My cariole led the way, the others of my party following close in the rear. Some forty minutes after we had started, the dogs being thoroughly warm at their work, we heard a yelp far behind us. Cline whispered to me, ” Monkman’s passing’ them ;” and during each succeeding five minutes yelp after yelp announced that the other trains were being passed, until in little more than an hour from our start I heard Monkman’s wellknown voice close behind me. Without speaking a word he and the cariole he was driving passed mine. A thrill of excitement ran through me when I felt the warm breath of his powerful dogs beat upon my face, as the noble creatures swiftly trotted past. Neither dogs nor men, nor the muffled-up inmates of the carioles made any sign. One after the other Mr. Seymour, Lord Cavendish, and Mr. Ashley, flitted noiselessly by. Cline whispered again, “They’ll make a good road, my dogs will not be far behind.” It is impossible to describe the feelings which this rapid, silent, gliding through those vast pine forests inspired. Morning dawned slowly, but the gloom of the forest seemed to grow more intense as I occasionally caught glimpses of the brightening sky above. The sun rose without a cloud, gilding the tops of tall trees with an indescribable lustre, beautifully reflected by the snow wherever the golden light penetrated. After a run of twenty-six miles Cline came up with Monkman a few minutes after he had stopped for dinner. Mr. Dickinson followed close behind me, and in another hour both parties were together again. The next run was to bring us to Crow Wing, between nineteen and twenty miles distant. Starting in the order in which we arrived at the camping ground, we hurried at a rapid gallop down the Mississippi slope; and here the race began in earnest. The road was in excellent condition, the day bright and cold, the dogs eager and hungry, and the men and travelers in good condition and in excellent spirits. After a splendid gallop of twenty miles we entered Crow Wing in the following order and close together :—Lord Cavendish first, Mr. Seymour second, Mr. Hind third, Hon. Mr. Ashley fourth, Mr. Dickinson fifth, Mr. Fleming sixth, the rest nowhere.

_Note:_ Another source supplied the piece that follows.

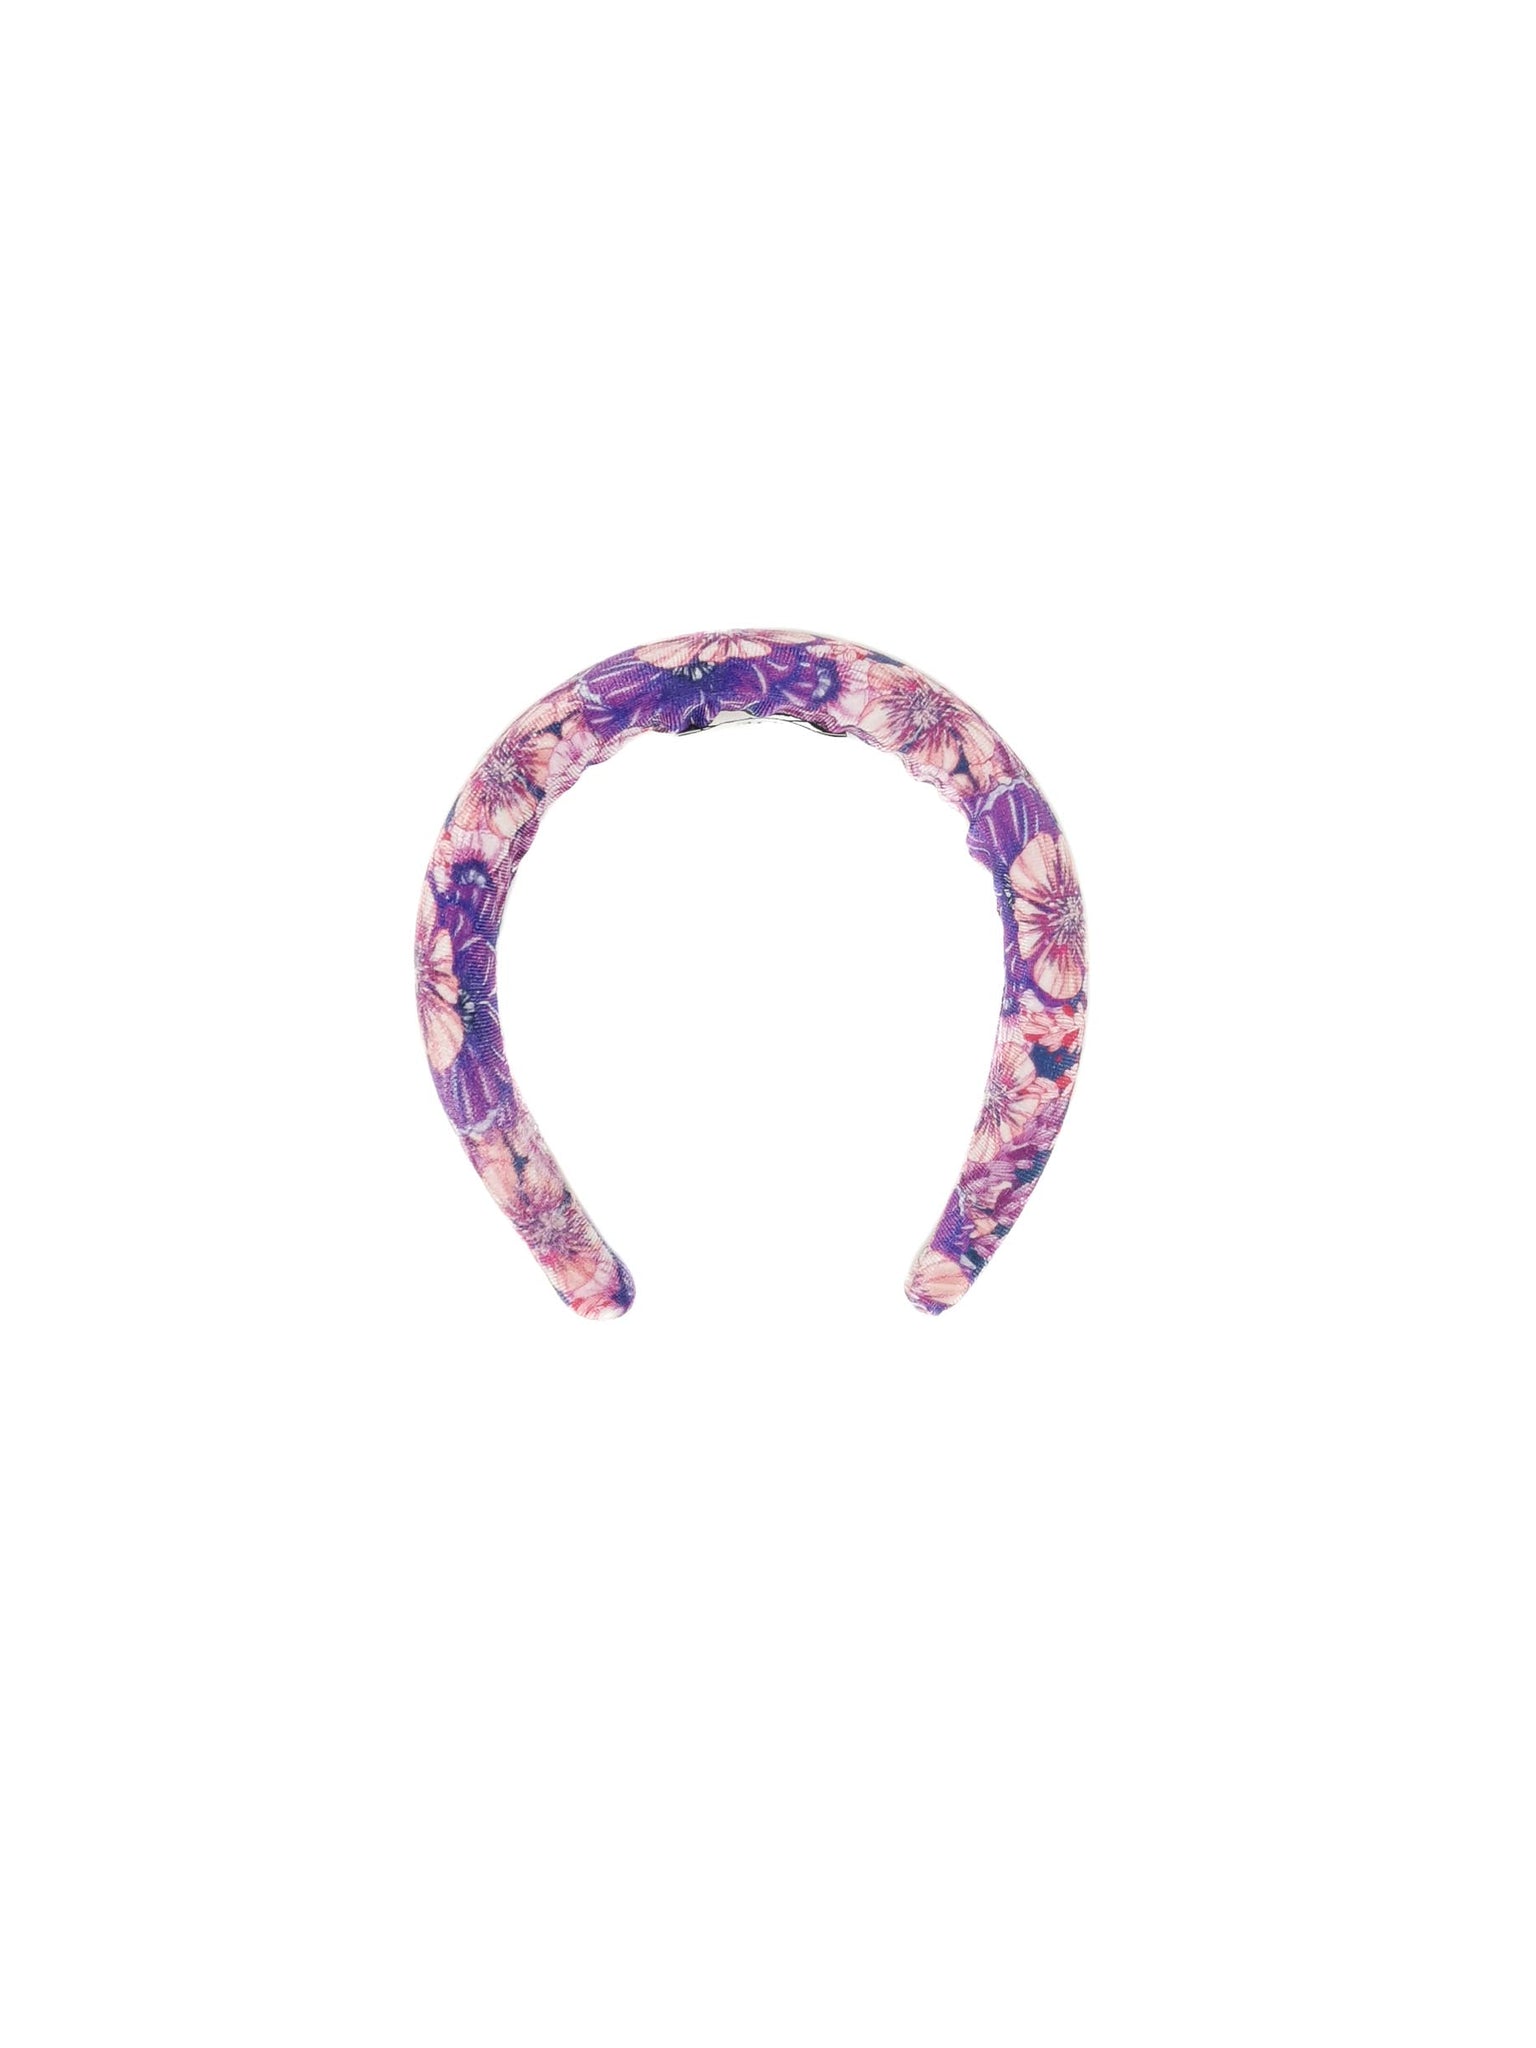 Fascia imbottita in velluto con motivo floreale viola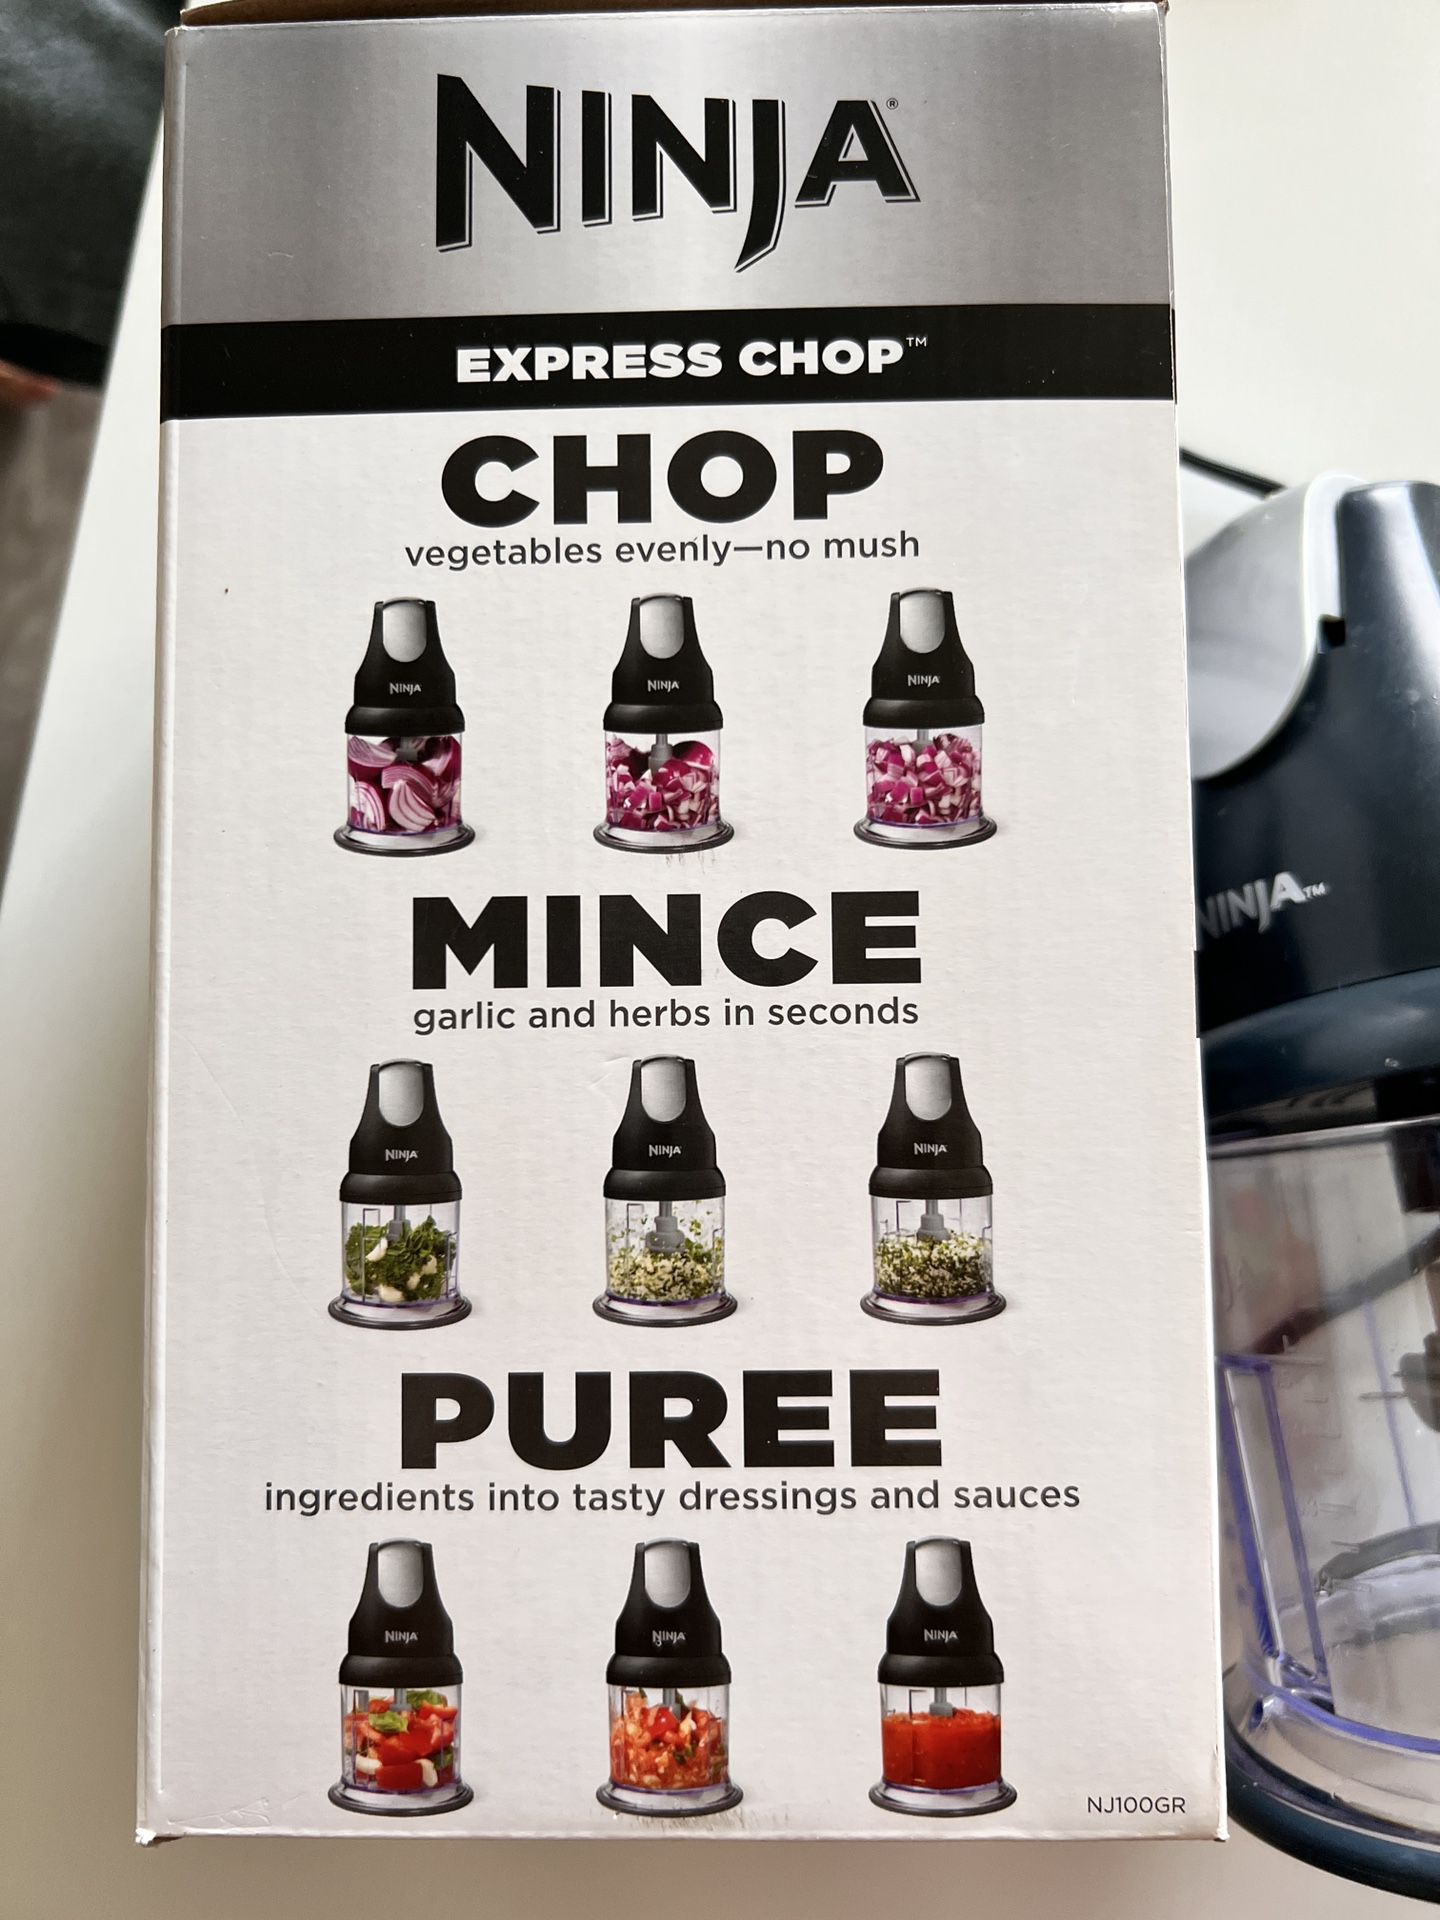 Ninja Express Chop, Elite

Page 117 Indian Wealth-The Dog

Next to the horse, the dog is the Prairie Indian’s most valuable friend. The dog is the great stand-by of the squaws, who have to attend to all the duties of the camp, the men employing themselves solely in hunting and fighting. The dogs drag on poles the camp furniture, the provisions, the little children, and all the valuables of the family. It is a very amusing sight to witness several hundred dogs solemnly engaged in moving a large camp. They look wistfully at passers-by, and take advantage of the least want of attention on the part of their mistresses to lie down, or snarl and snap at their companions in the work. They nevertheless obey the word of command with alacrity and willingness if not fatigued.The midnight howl of three or four hundred dogs is an awful and appalling sound. It rises suddenly from a low prolonged whine to a deep melancholy howl, caught up again and again to the distraction of tired travelers anxious to take rest in sleep. When any great event takes place, a dog feast is proclaimed, and it is sufficiently disgusting to see the men handle and feel the unfortunate animals as if they were sheep, with a view to select the fattest, so powerful are early habits and associations in directing our feelings and tastes. Although some of the Indian dogs we saw among the Crees of the Sandy Hills are large and ferocious looking animals, we never found them vicious or inclined to attack us ; they were always deterred from approaching by the sight of a stick or a feint at picking up a stone.